In horizontal relationships, non-compete clauses may constitute a form of market sharing agreement. Sometimes referred to as non-aggression pacts, in which competitors mutually agree not to compete with each other or commit not to solicit their respective clienteles, non-compete clauses must be limited in time and space and remain proportionate to the function they perform. Otherwise, as market-sharing agreements, which are considered particularly harmful by the Competition Authority, such clauses may be considered as restrictions by object.

In vertical relationships, post-contractual non-compete clauses can be found in exclusive distribution agreements, but also, and more commonly, in franchise agreements. Non-compete clauses are inherent to franchising insofar as they ensure the protection of know-how, which should only benefit the members of the network, and give the franchisor time to reintegrate a franchisee in the area concerned. However, such clauses must remain proportionate to the objective pursued: the protection of the network’s know-how, identity and reputation. To be valid, they must be limited in time and space.

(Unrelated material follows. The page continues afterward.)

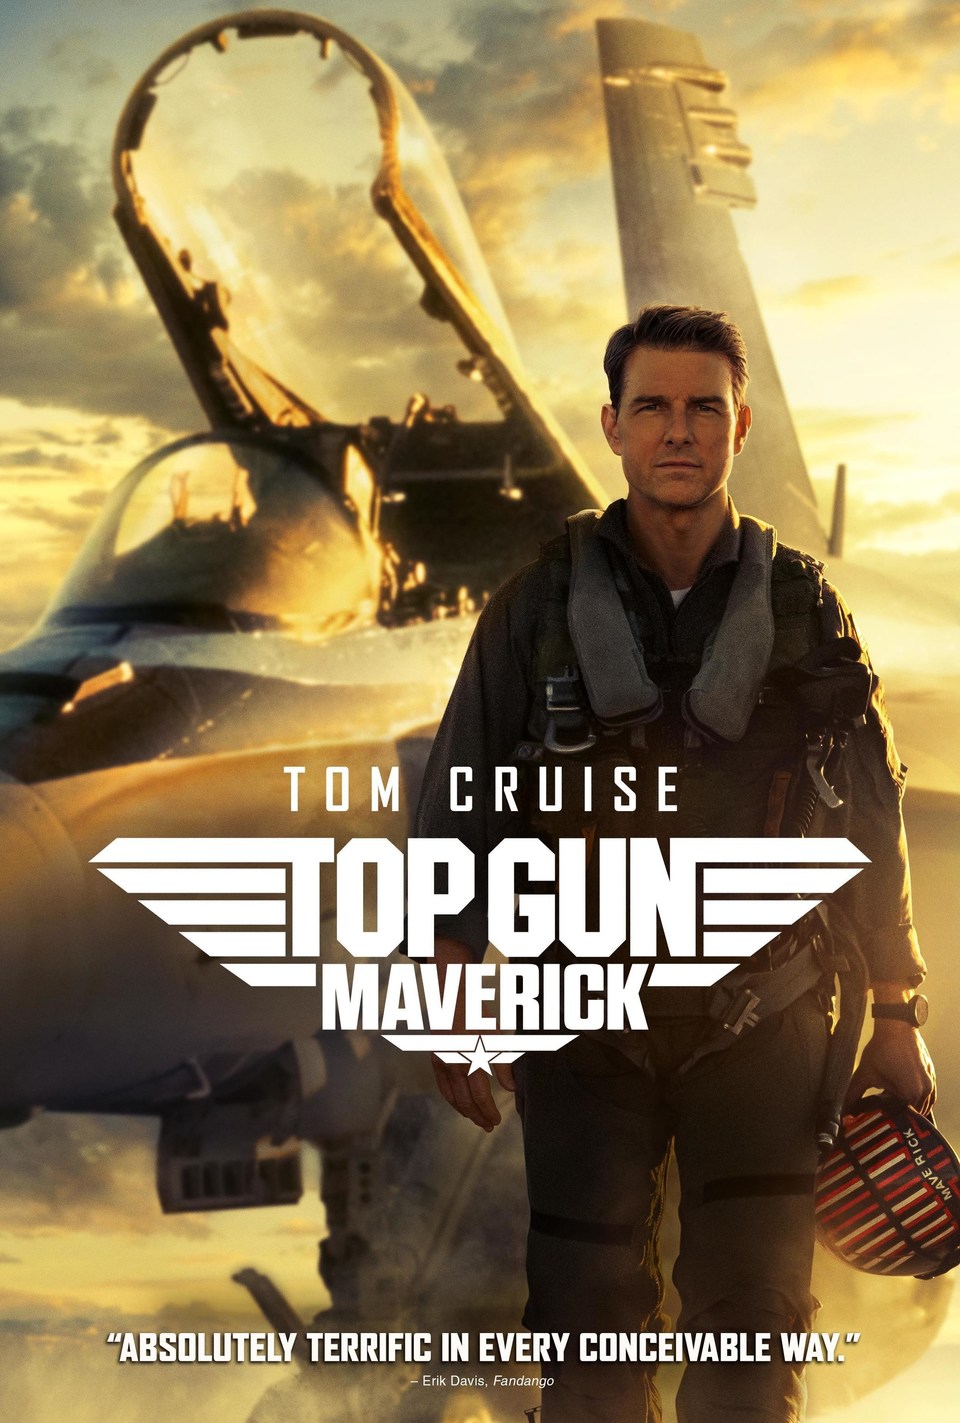 Film Top Gun: Maverick

While French law authorizes clauses with a duration of two years and covering relatively wide geographical areas, when EU law is deemed applicable, their duration must be limited to one year and their scope to the premises where the activity was carried out.

Although the issue has given rise to considerable controversy, the French case law upholds non-reaffiliation clauses prohibiting the former franchisee from directly or indirectly joining a franchise network or a similar distribution network for a period of two to three years in the franchise territory. However, the legitimacy of such clauses would appear to be highly questionable in light of the Vertical Restraints Regulation.